Progressive Muscle Relaxation
By tensing and relaxing all the muscle groups
in your body, you can relieve tension and feel much more relaxed in minutes,
with no special training or equipment. Start by tensing all the muscles in your
face, holding a tight grimace ten seconds, then completely relaxing for ten
seconds. Repeat this with your neck, followed by your shoulders, etc. You can
do this anywhere, and as you practice, you will find you can relax more quickly
and easily, reducing tension as quickly as it starts!
8.
Music
Baroque music has shown many health benefits
for people with conditions ranging from mild (like stress) to severe (like
cancer). When dealing with stress, the right music can actually lower your
blood pressure, relax your body and calm your mind. Music has a profound impact
on body, mind and soul. Thirty years of pioneering research by a renowned
Bulgarian psychiatrist, Dr.
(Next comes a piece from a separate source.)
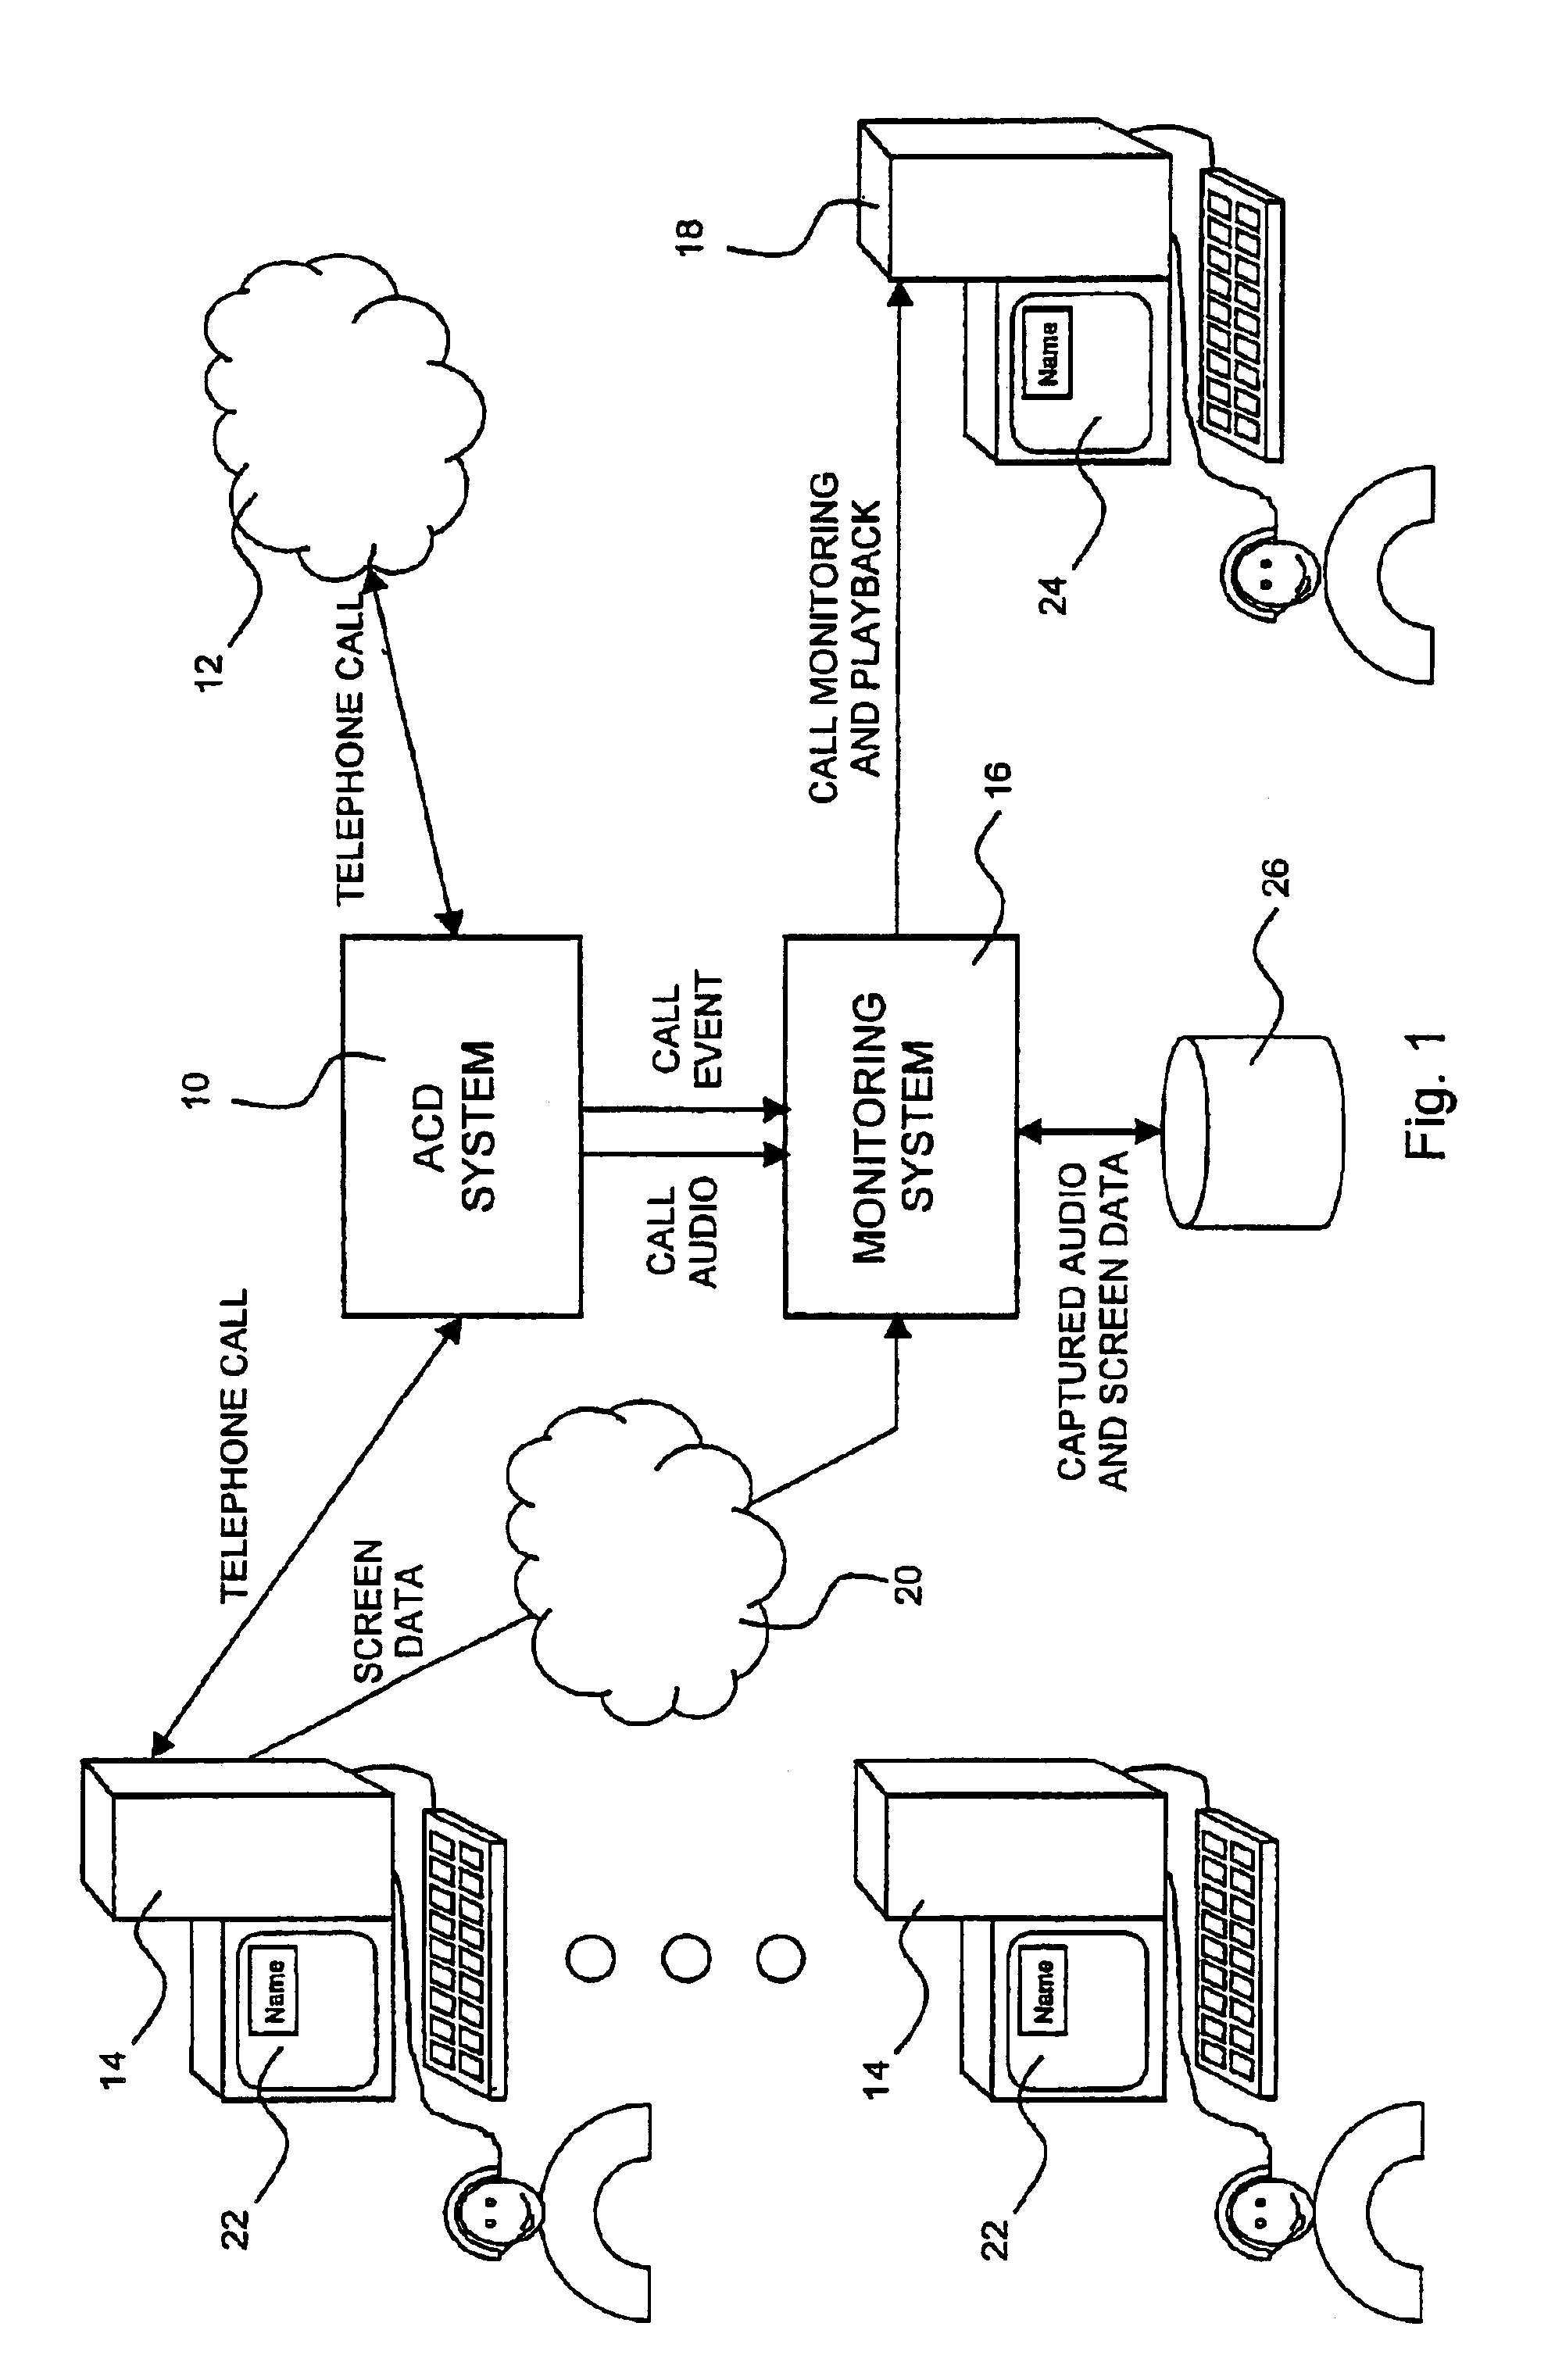 Telephone call monitoring system

Barzakov, has proven that certain classical music
will improve memory and comprehension, facilitate problem solving, speed up
healing and aid in stress reduction! Then, University of California
researchers at the Center for Neurobiology of Learning and Memory reported in
1993 that students raised their IQ's by as much as 10 points while listening to
a Mozart! So can you! Baroque music is specifically noted for learning
terminology, facts, figures, formulas, spelling words, vocabulary. It promotes
relaxation, healing and restful sleep. Mozart's compositions stimulate mental
performance of mathematics, analysis, organizing, planning, systematizing, exam
preparation, lab and computer work.
9.
Yoga
Yoga dates
back over 5 thousand years. It combines the practices of several other stress
management techniques such as breathing, meditation, imagery and movement,
giving you a lot of benefit for the amount of time and energy required.